All communication through the dataflow is efficient parallel message passing
over MPI. The runtime for calling tasks is entirely message-driven; Decaf
executes a task when all messages for the task have been received. Such a
message-driven runtime allows cyclic task dependencies in the workflow graph,
for example, to enact computational steering based on the result of downstream
tasks. Decaf includes a simple Python API for describing the workflow graph.
This allows Decaf to stand alone as a complete workflow system, but Decaf
can also be used as the dataflow layer by one or more other workflow systems
to form a heterogeneous task-based computing environment.

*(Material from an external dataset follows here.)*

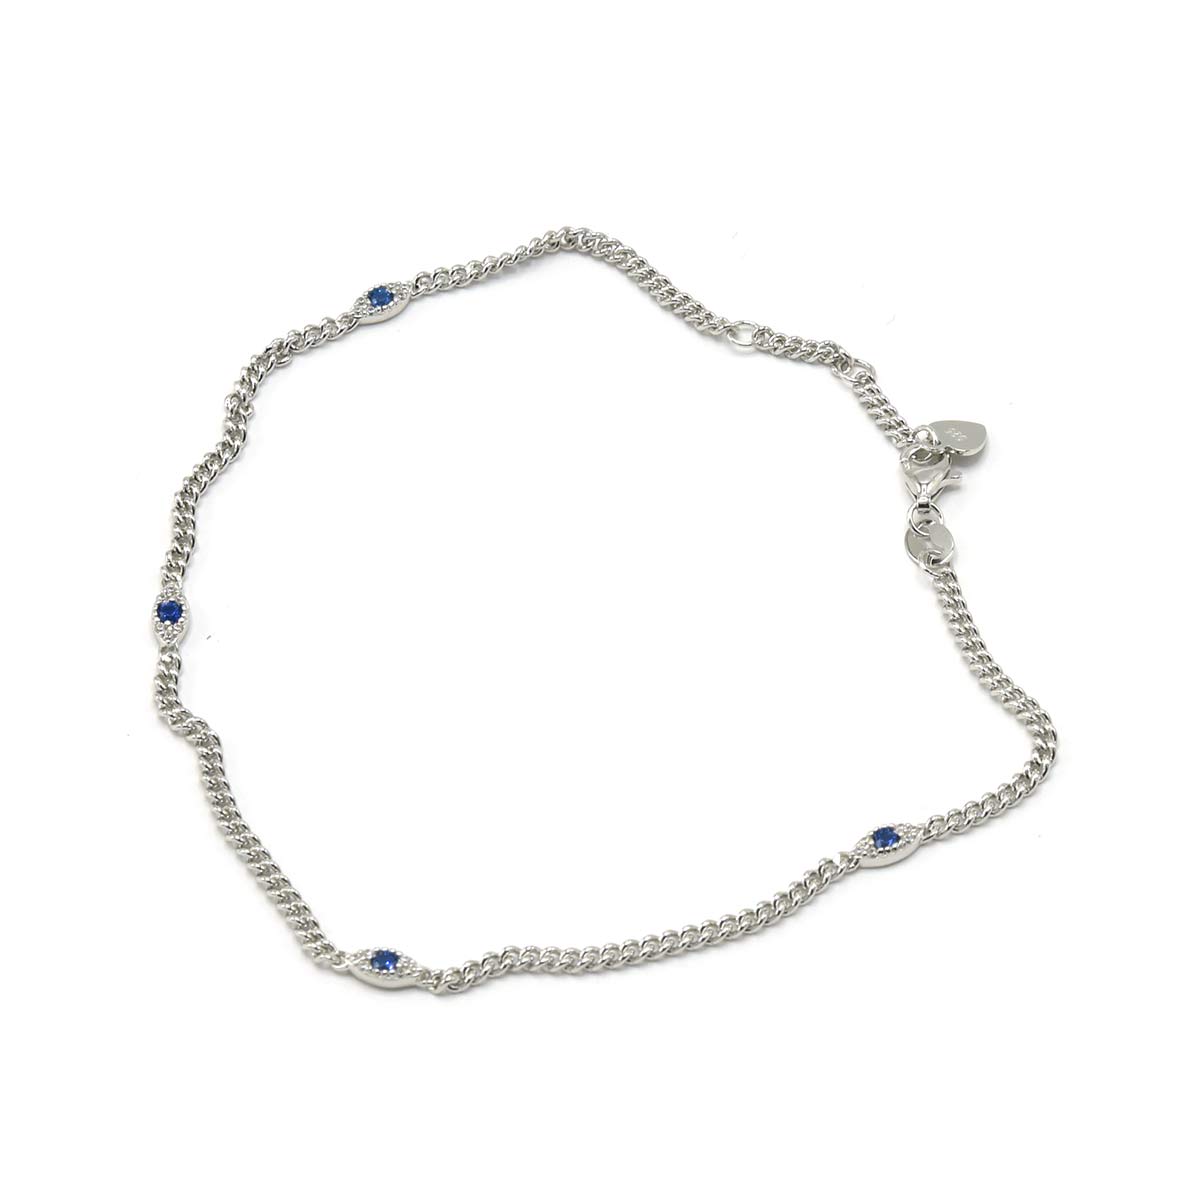 STAW-18 10 inch Anklets

An open-source package of high-performance data transport for in situ HPC workflows
Installation (Linux, Mac, supercomputers, computing clusters):
Download LowFive with the following command:
git clone https://github.com/diatomic/LowFive
and follow the instructions in the README.
Description:
LowFive is a data transport layer based on the HDF5 data model, for in situ workflows. Executables using
LowFive can communicate in situ (using in-memory data and MPI message passing), reading and writing traditional HDF5
files to physical storage, and combining the two modes. Minimal and often no source-code modification is needed for
programs that already use HDF5. LowFive maintains deep copies or shallow references of datasets, configurable by the
user. More than one task can produce (write) data, and more than one task can consume (read) data, accommodating fan-in
and fan-out in the workflow task graph. LowFive supports data redistribution from n producer processes to m consumer
processes.
An open-source in situ HPC workflow management system.

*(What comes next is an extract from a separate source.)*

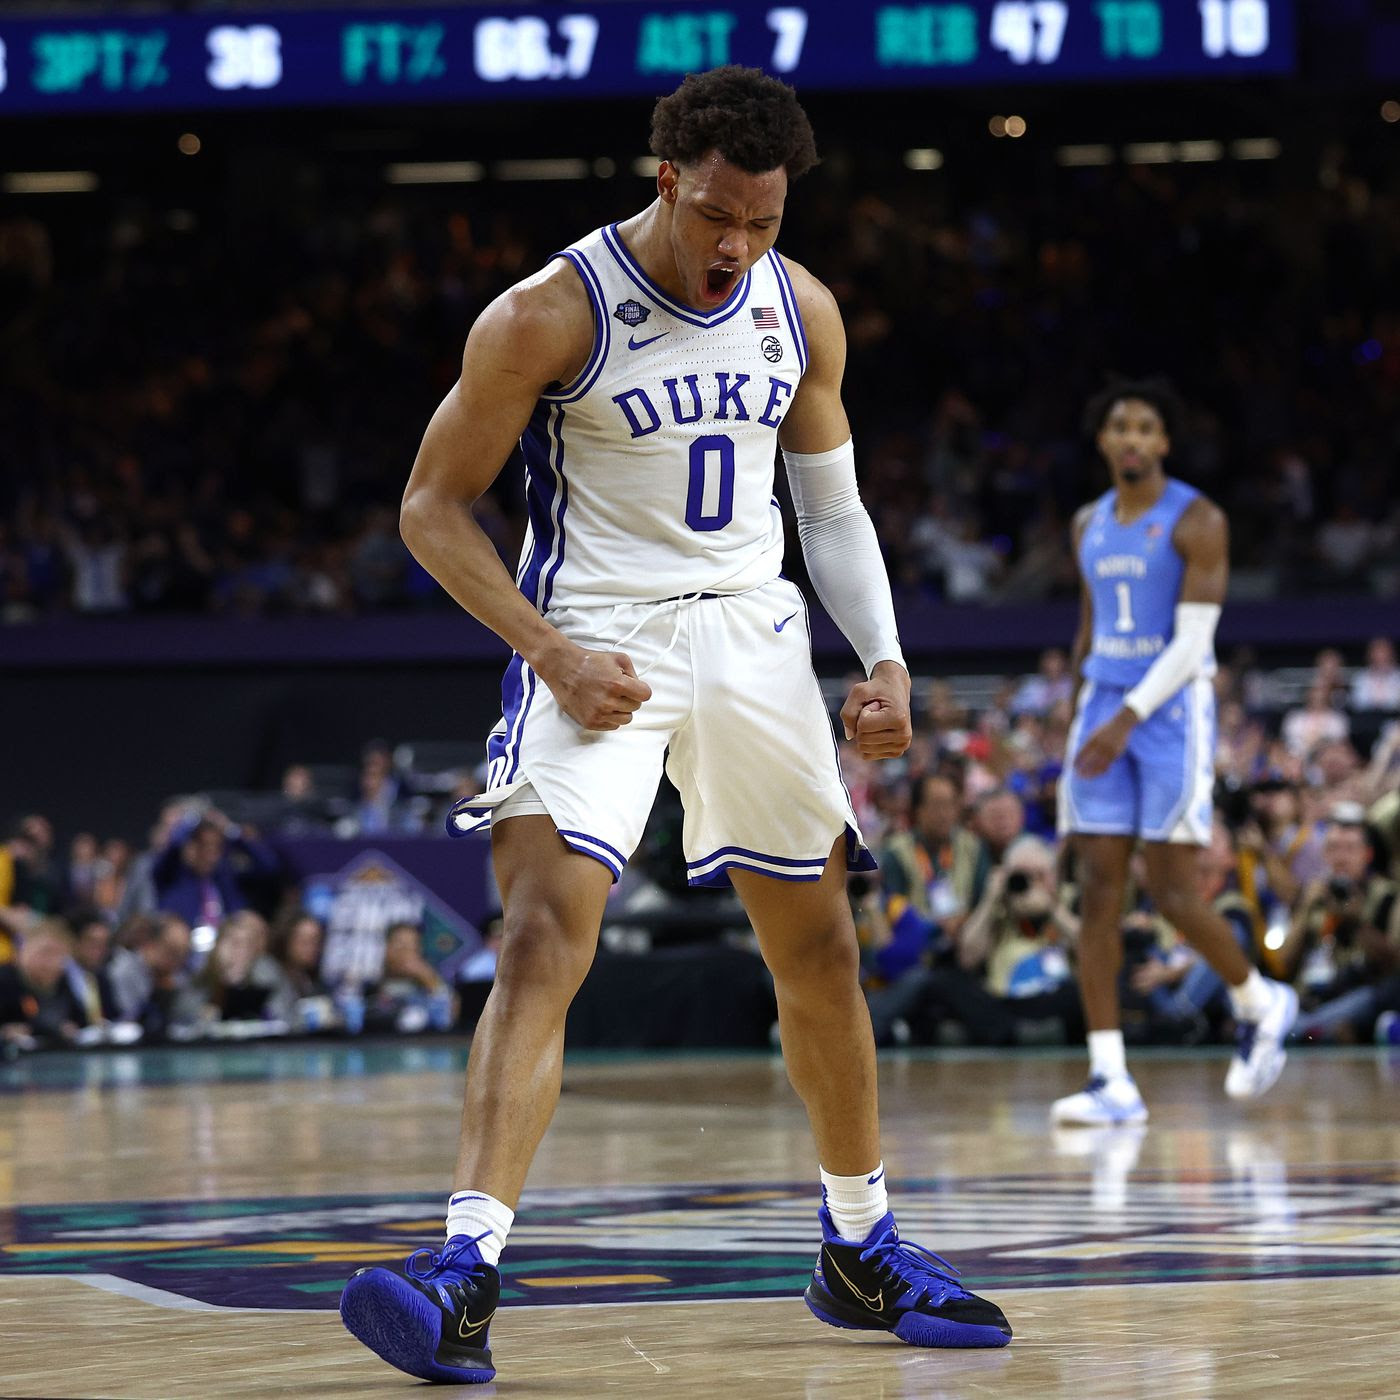 Minnesota Timberwolves Trade Up For Duke Wing Wendell Moore Jr. At No. 26 Overall

Installation (Linux, Mac, supercomputers, computing clusters):
Download Wilkins with the following command:
git clone https://github.com/orcunyildiz/wilkins
and follow the instructions in the README.
Description:
Wilkins is an in situ workflow system that is designed for ease-of-use while providing
scalable and efficient execution of workflow tasks. Wilkins provides a flexible workflow description interface, employs
a high-performance data transport layer based on HDF5, and supports tasks with disparate data rates by providing a
flow control mechanism. Wilkins seamlessly couples scientific tasks that already use HDF5, without requiring task
code modifications.
An open-source package for modeling scientific data with functional approximations based on high-dimensional
multivariate B-spline and NURBS bases
Installation (Linux, Mac, supercomputers, computing clusters):
Download MFA with the following command:
git clone https://github.com/tpeterka/mfa
and follow the instructions in the README.
Description:
Scientific data may be transformed by recasting to a fundamentally different kind of data model than the discrete
point-wise or element-wise datasets produced by computational models. In Multivariate Functional Approximation, or MFA,
scientific datasets are redefined in a hypervolume of piecewise-continuous basis functions. Compared with existing
discrete models, the continuous functional model can save space while affording many of the same spatiotemporal analyses
without reverting back to the discrete form. The MFA model can represent numerous types of data because it is agnostic
to the mesh, field, or discretization of the input dataset. Compared with existing discrete data models, the MFA model
can enable many spatiotemporal analyses, without converting the entire dataset back to the original discrete form. The
MFA often occupies less storage space than the original discrete data, providing some data reduction, depending on data
complexity and intended usage. For example, noise may be intentionally smoothed using a small number of control points
and high-degree basis functions; alternatively, high-frequency data features may be preserved with more control points
and lower degree. Post hoc, the MFA enables analytical closed-form evaluation of points and derivatives, to high order,
anywhere inside the domain, without being limited to the locations of the input data points.